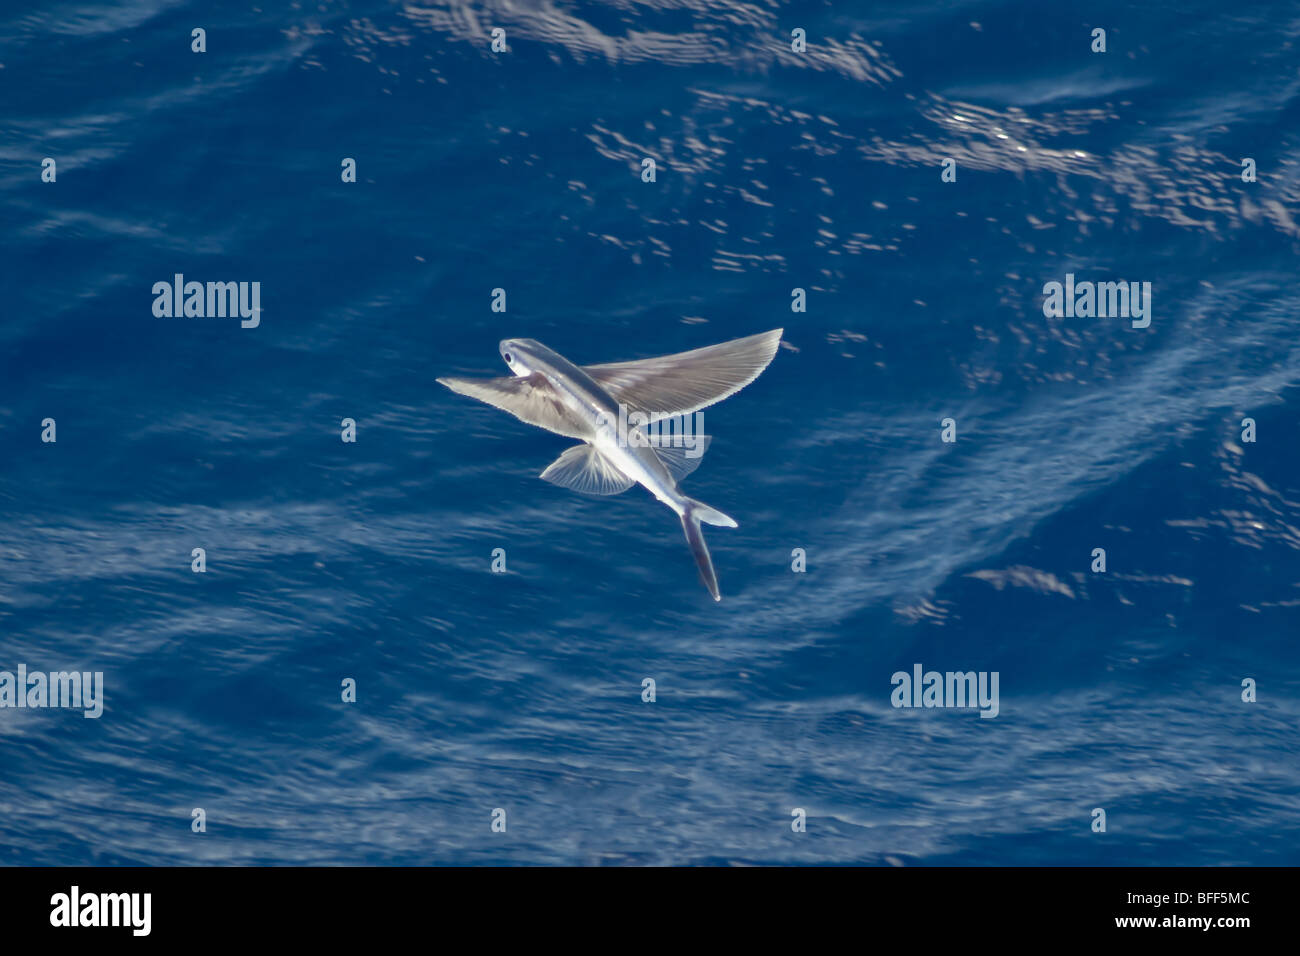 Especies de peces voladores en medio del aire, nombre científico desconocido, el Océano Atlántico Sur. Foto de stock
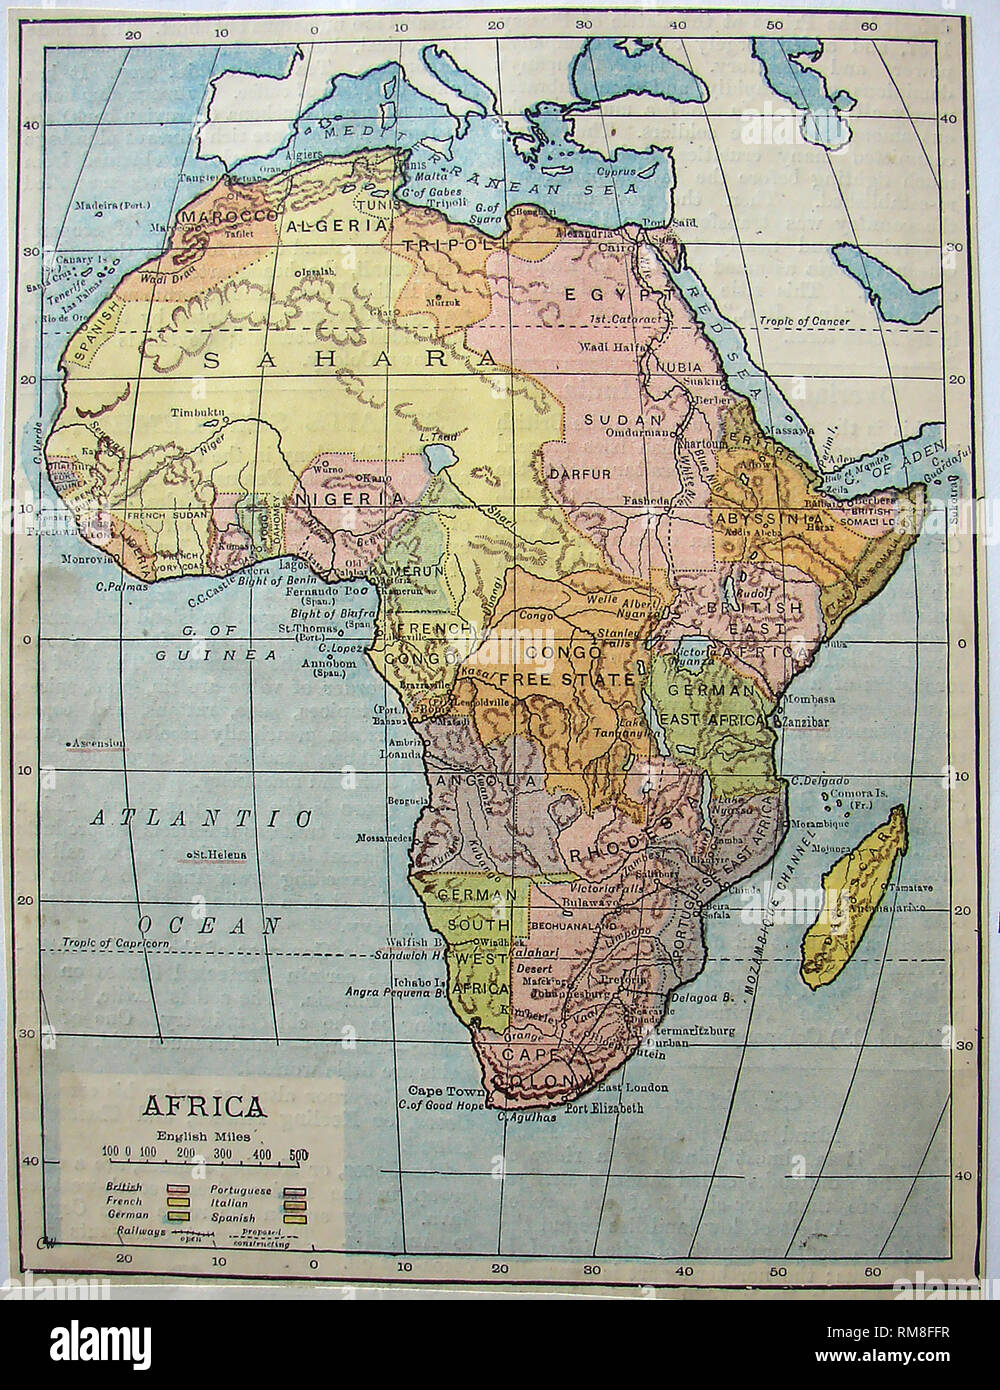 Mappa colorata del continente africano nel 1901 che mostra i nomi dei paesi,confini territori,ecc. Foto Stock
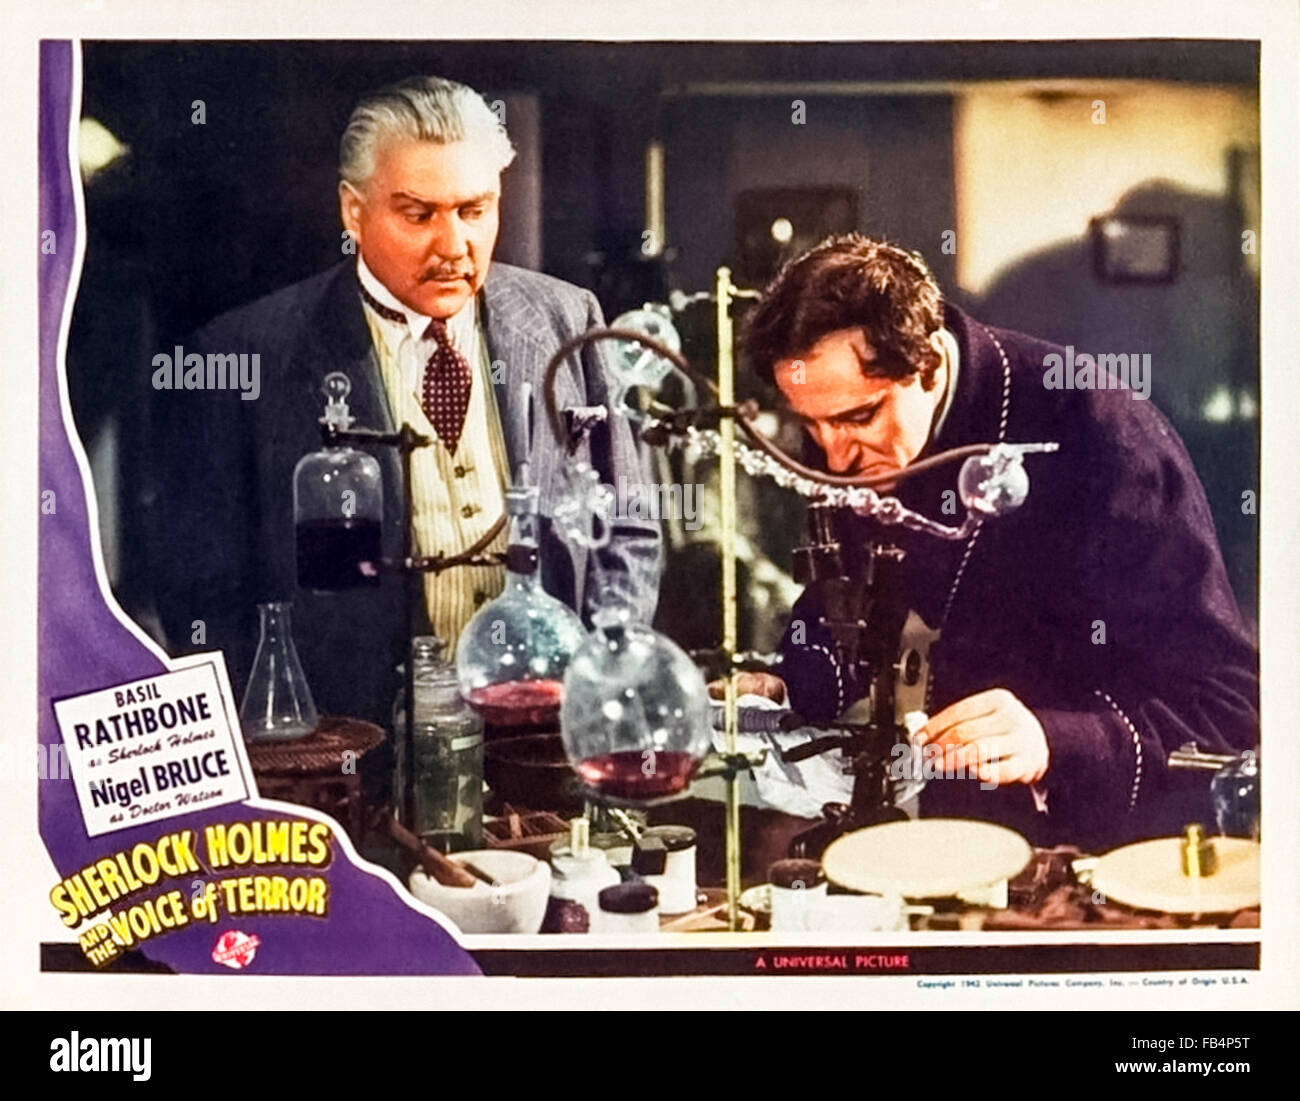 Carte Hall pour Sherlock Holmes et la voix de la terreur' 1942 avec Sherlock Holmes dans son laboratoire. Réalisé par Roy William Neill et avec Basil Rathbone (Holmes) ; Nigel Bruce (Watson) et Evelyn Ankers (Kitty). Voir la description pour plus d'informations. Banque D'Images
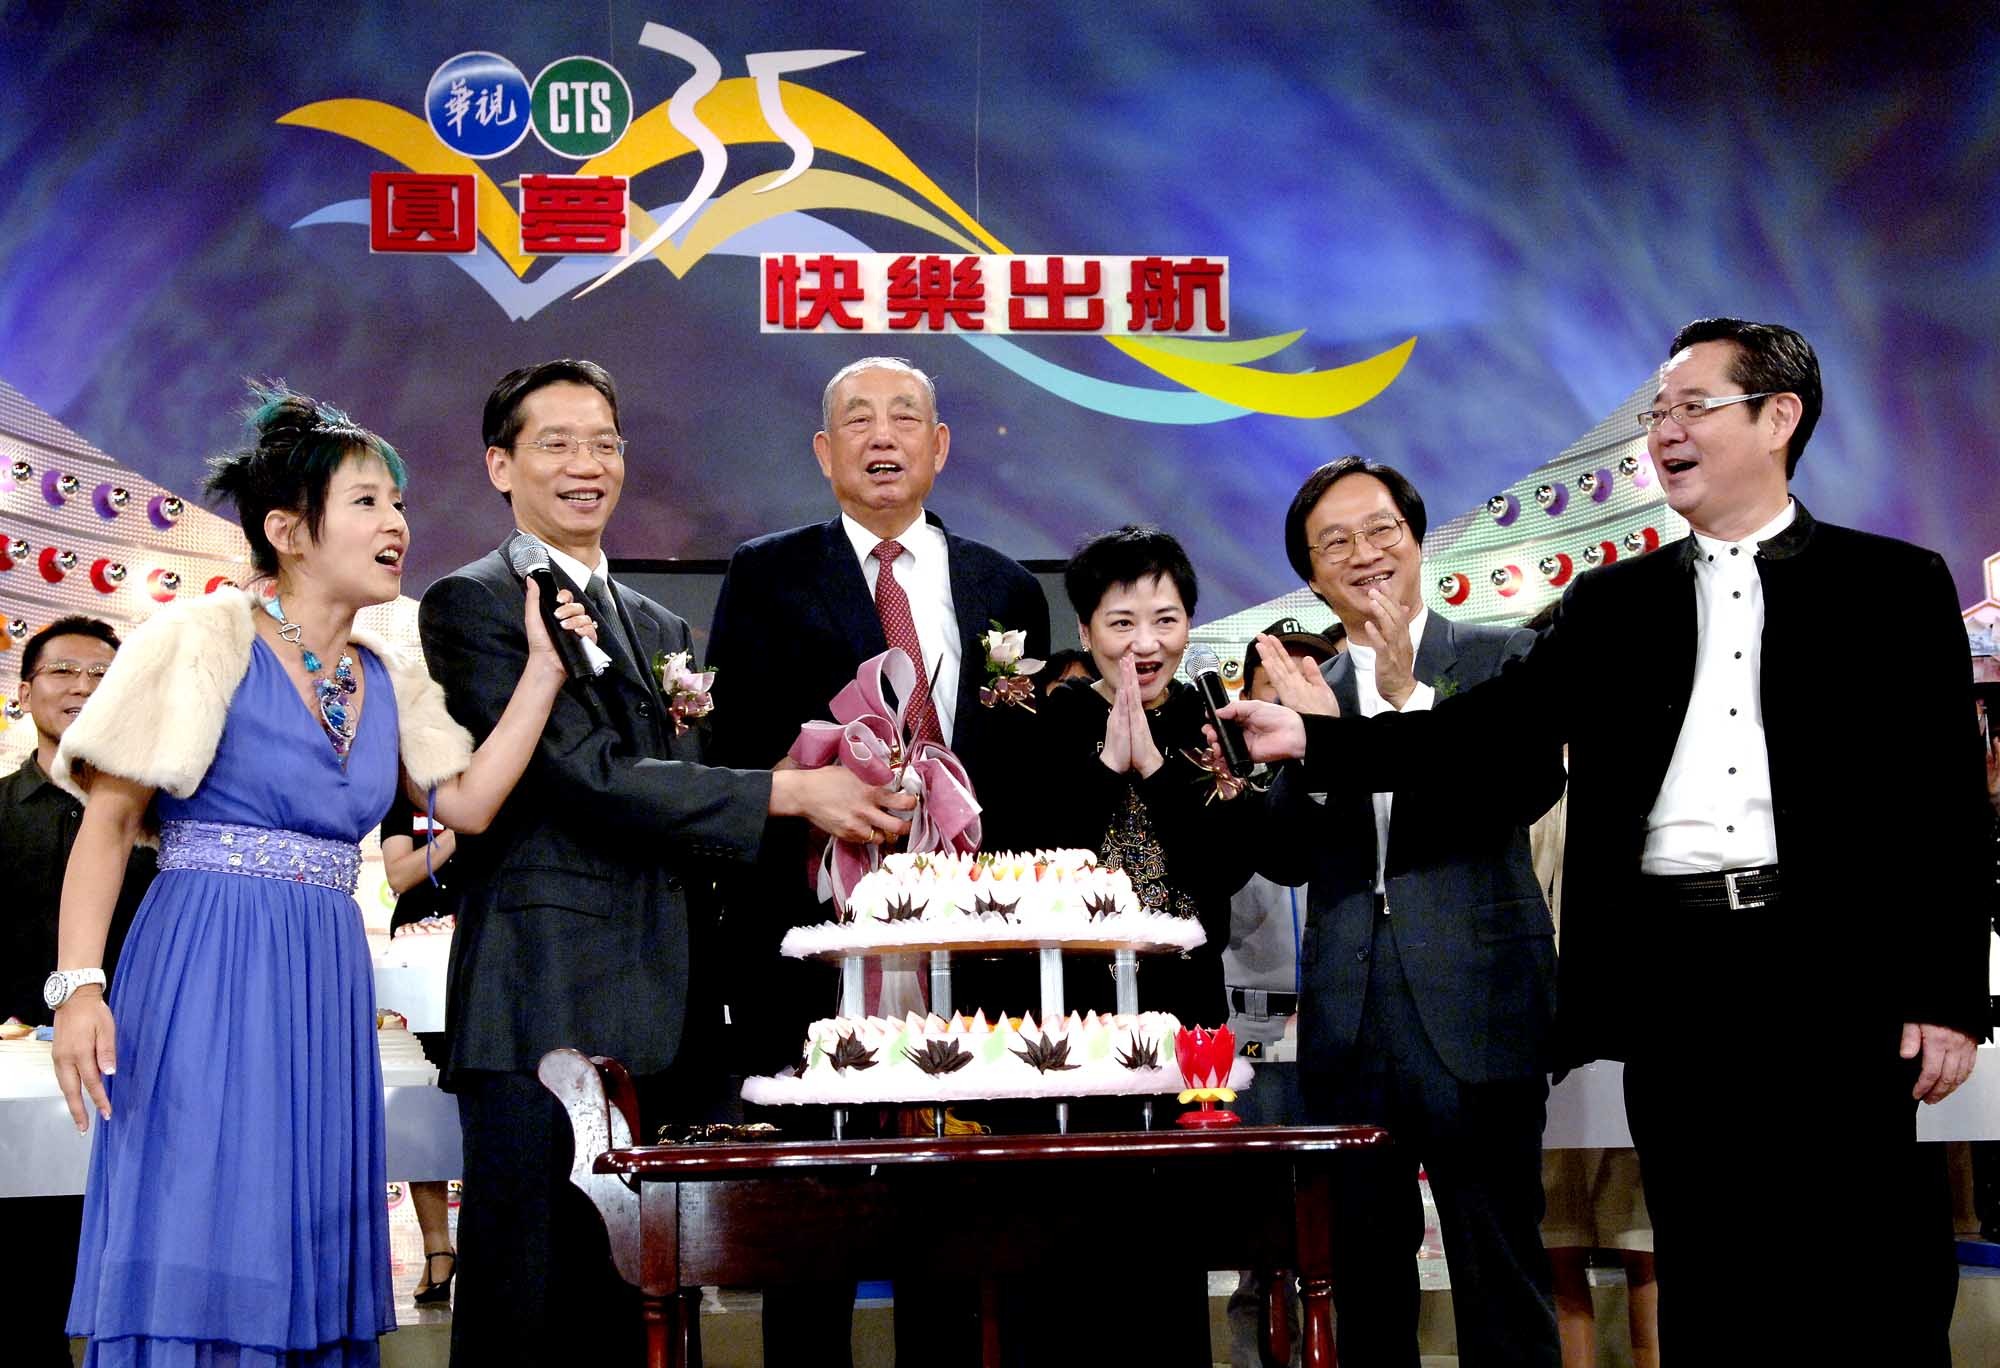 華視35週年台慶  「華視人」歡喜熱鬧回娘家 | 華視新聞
+===+
=== Required work ===
Begin with the line holding "Carte Hall pour" and end with the last line of the listing. Reproduce each of those lines exactly, and leave every picture out.

=== Solved exercise ===
 Carte Hall pour Sherlock Holmes et la voix de la terreur' 1942 avec Sherlock Holmes dans son laboratoire. Réalisé par Roy William Neill et avec Basil Rathbone (Holmes) ; Nigel Bruce (Watson) et Evelyn Ankers (Kitty). Voir la description pour plus d'informations. Banque D'Images
 華視35週年台慶  「華視人」歡喜熱鬧回娘家 | 華視新聞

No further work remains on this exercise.